Why it matters: It matters because IoT and IIoT devices increasingly sit inside business-critical environments, where weak device identity, poor lifecycle control, and inconsistent offboarding can create enterprise-wide exposure.
By the numbers:
- 90% of IT leaders say properly managing NHIs is essential for a successful zero-trust implementation.
- 92% of organisations expose NHIs to third parties, raising concerns about supply chain security.
- Only 20% have formal processes for offboarding and revoking API keys, and even fewer have procedures for rotating them.
- 97% of NHIs carry excessive privileges, increasing unauthorised access and broadening the attack surface.
👉 Read GlobalSign's analysis of IoT security maturity, PKI, and device trust
Context
IoT security fails when device identity, firmware governance, and ownership are treated as separate problems. The article argues that the industry spent years optimising for speed and connectivity while leaving authentication, update discipline, and accountability underdeveloped, which is why insecure devices still become reliable entry points into larger environments.
That pattern has a clear identity dimension. IoT devices, gateways, and sensors behave like non-human identities in operational terms because they need credentials, trust anchors, and lifecycle controls to communicate safely. When those controls are absent, the device layer becomes a governance gap rather than just an endpoint problem, and that is typical of immature IoT programmes.
Key questions
Q: What fails when IoT devices do not have cryptographic identity controls?
A: Without cryptographic identity, devices can be impersonated, cloned, or silently replaced in the network. That breaks trust in onboarding, updates, and remote management because the system cannot distinguish a legitimate device from a counterfeit or compromised one. The result is a scalable access problem, not just a hardware problem.
Q: Why do IoT devices create the same governance problems as non-human identities?
A: IoT devices need credentials, trust anchors, renewal, and revocation just like service accounts or API keys. They also outlive deployment teams and often operate without direct human interaction, which means lifecycle ownership matters more than one-time hardening. When that ownership is missing, stale trust persists.
Q: How should organisations govern IoT devices that are distributed across vendors and resellers?
A: They should assign lifecycle ownership at the operator level, standardise certificate issuance, and require revocation at retirement regardless of who manufactured or resold the device. Shared accountability only works when one party is responsible for the trust relationship end to end.
Q: Who is accountable when an IoT device with stale credentials is used in an attack?
A: The accountable party is the organisation that controls the active trust relationship, not just the hardware supplier. Regulators and auditors will look for ownership of onboarding, update enforcement, and revocation. If those controls are not assigned and documented, the organisation owns the risk.
Technical breakdown
Why device identity is the control plane for IoT security
IoT security depends on proving that a device is genuine before it is allowed to communicate, receive updates, or join a management domain. That requires certificates, PKI, secure elements, or TPM-backed keys, which create a cryptographic trust chain instead of relying on static passwords or permissive network placement. In practice, this turns each device into a managed identity with authenticated relationships to systems, brokers, and update services. Without that layer, counterfeit or compromised devices can impersonate legitimate assets and blend into normal traffic.

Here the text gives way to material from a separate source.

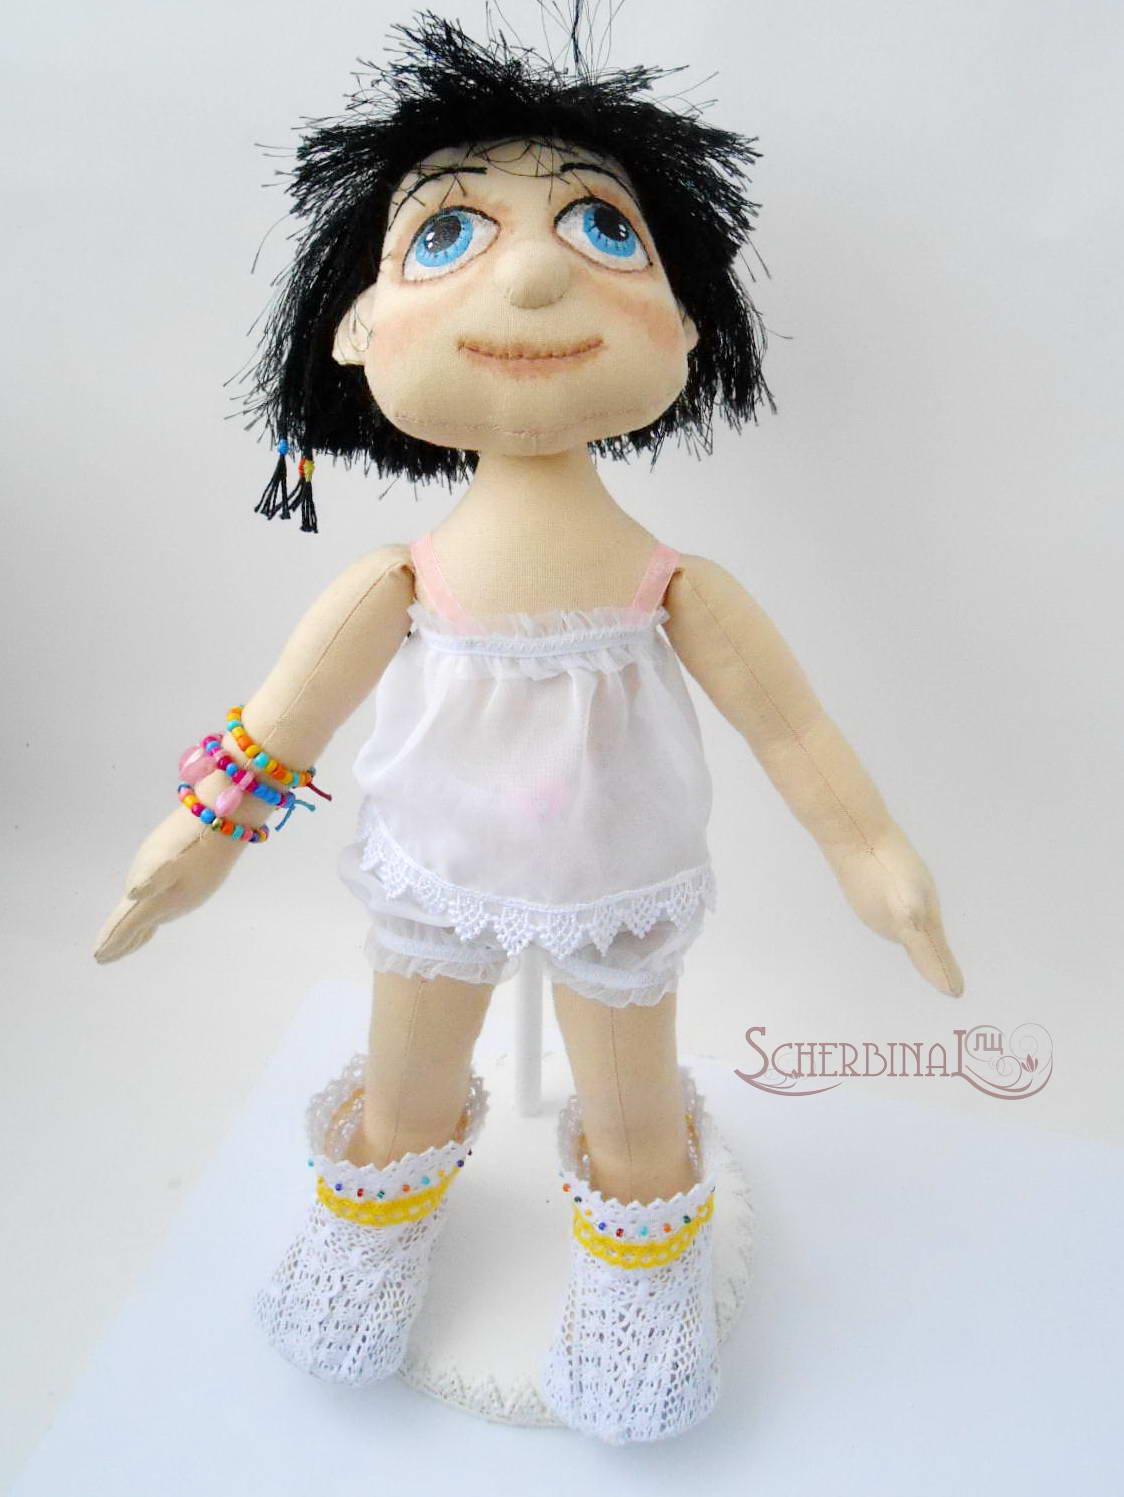 трусики для куклы своими руками, мастер класс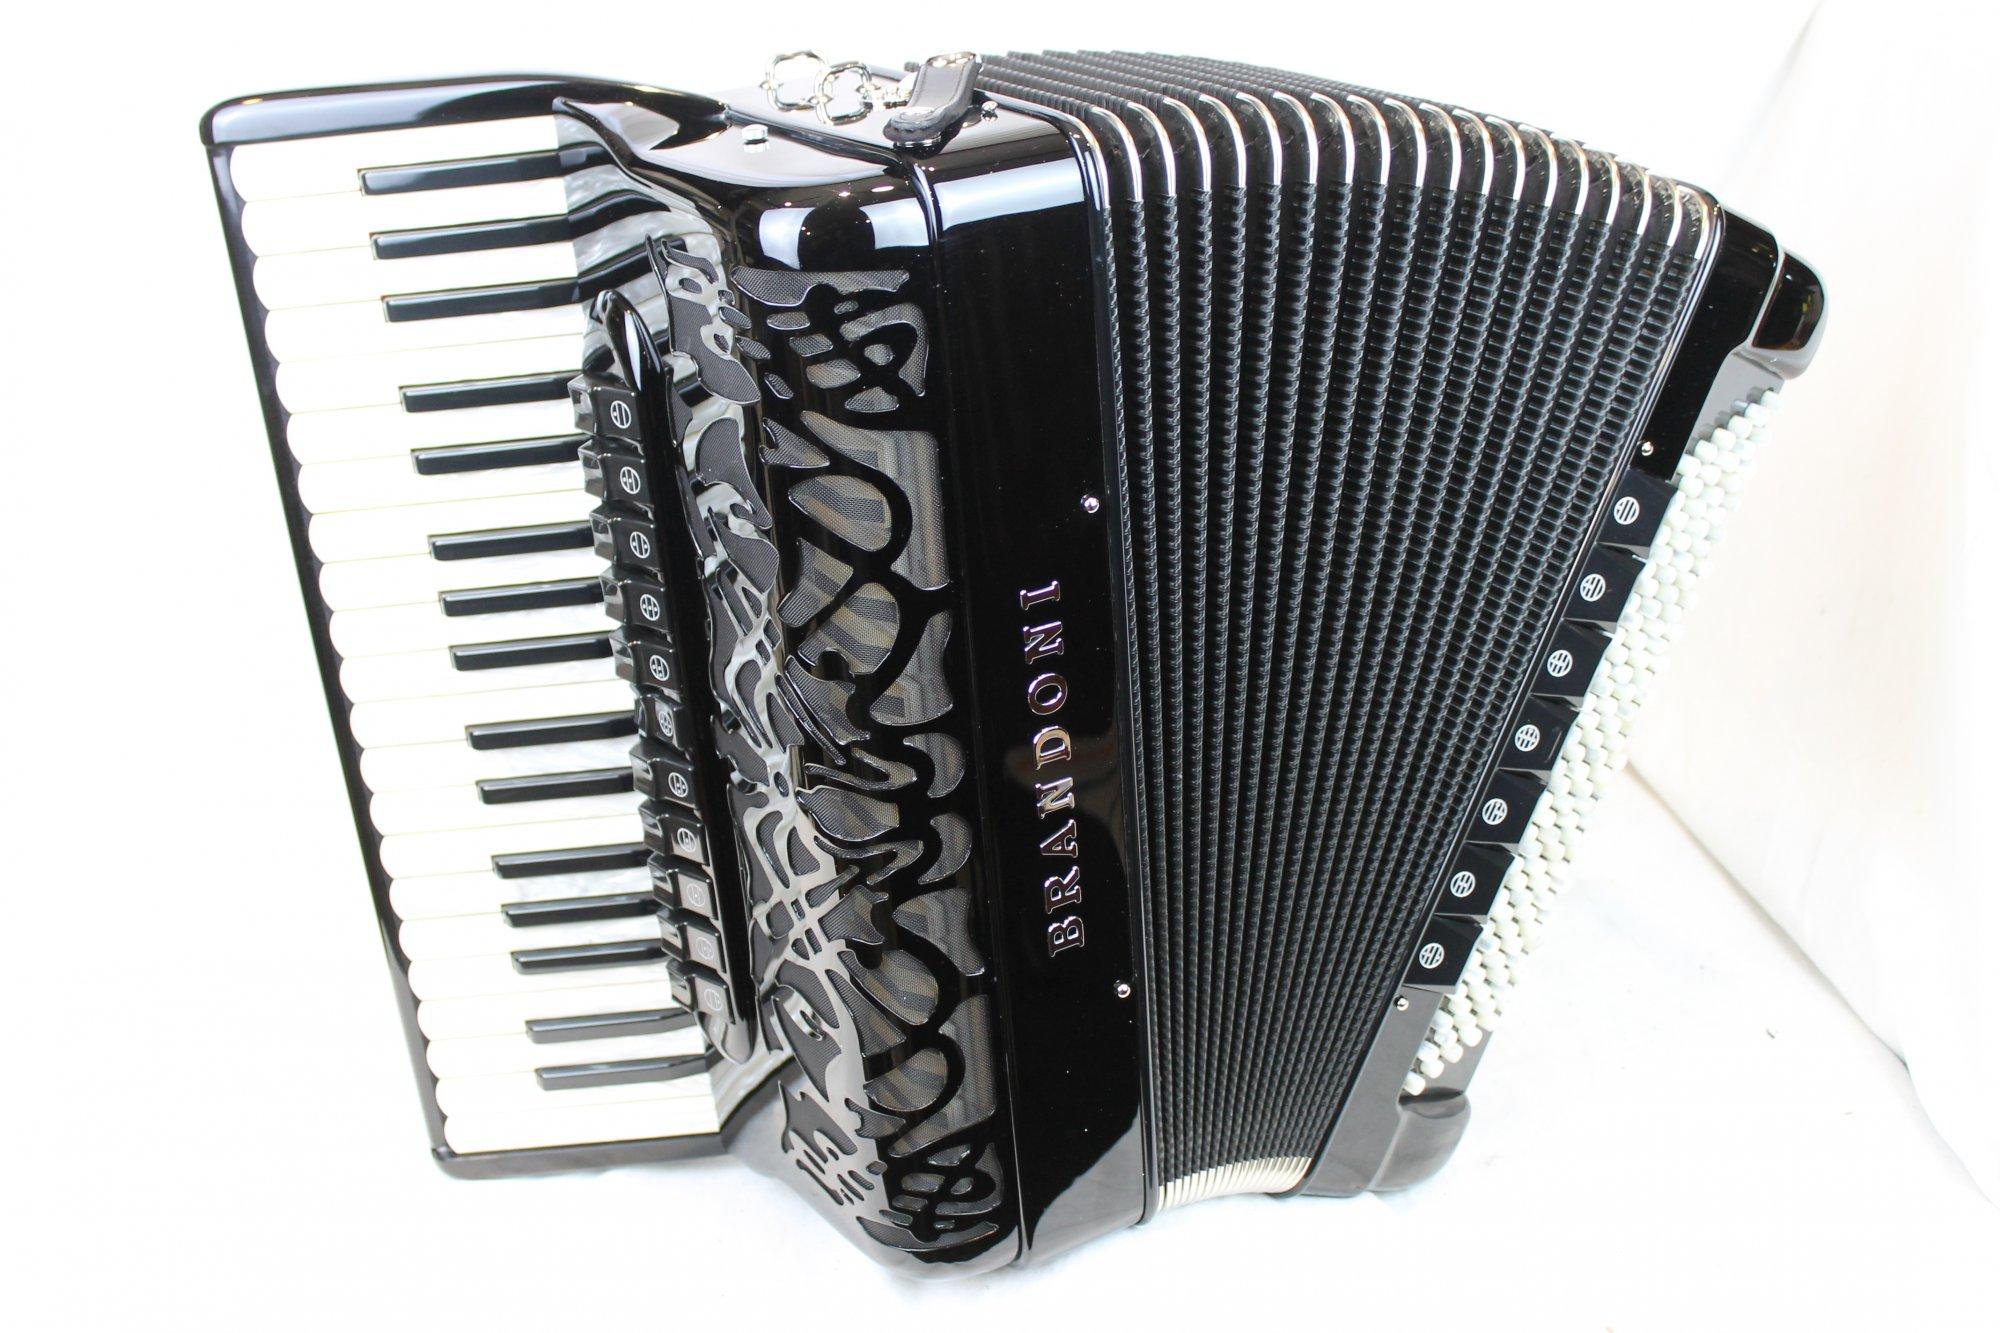 NEW Black Brandoni 130 Liberty Piano Accordion LMMH 37 120

Practical implication: treat device identity as a prerequisite for onboarding, update access, and revocation, not as an optional add-on.
How lifecycle governance changes when millions of devices behave like NHIs
Unlike human users, IoT devices often operate for years, communicate automatically, and outlive the teams that deployed them. That creates an identity lifecycle problem: provisioning, renewal, firmware update rights, certificate expiry, decommissioning, and revocation all have to be tracked at machine scale. If ownership is unclear across manufacturers, resellers, and operators, the device may continue to exist after support ends or after its trust anchor should have been withdrawn. This is the same structural issue seen in NHI programmes, where unmanaged credentials persist because no one owns the offboarding step.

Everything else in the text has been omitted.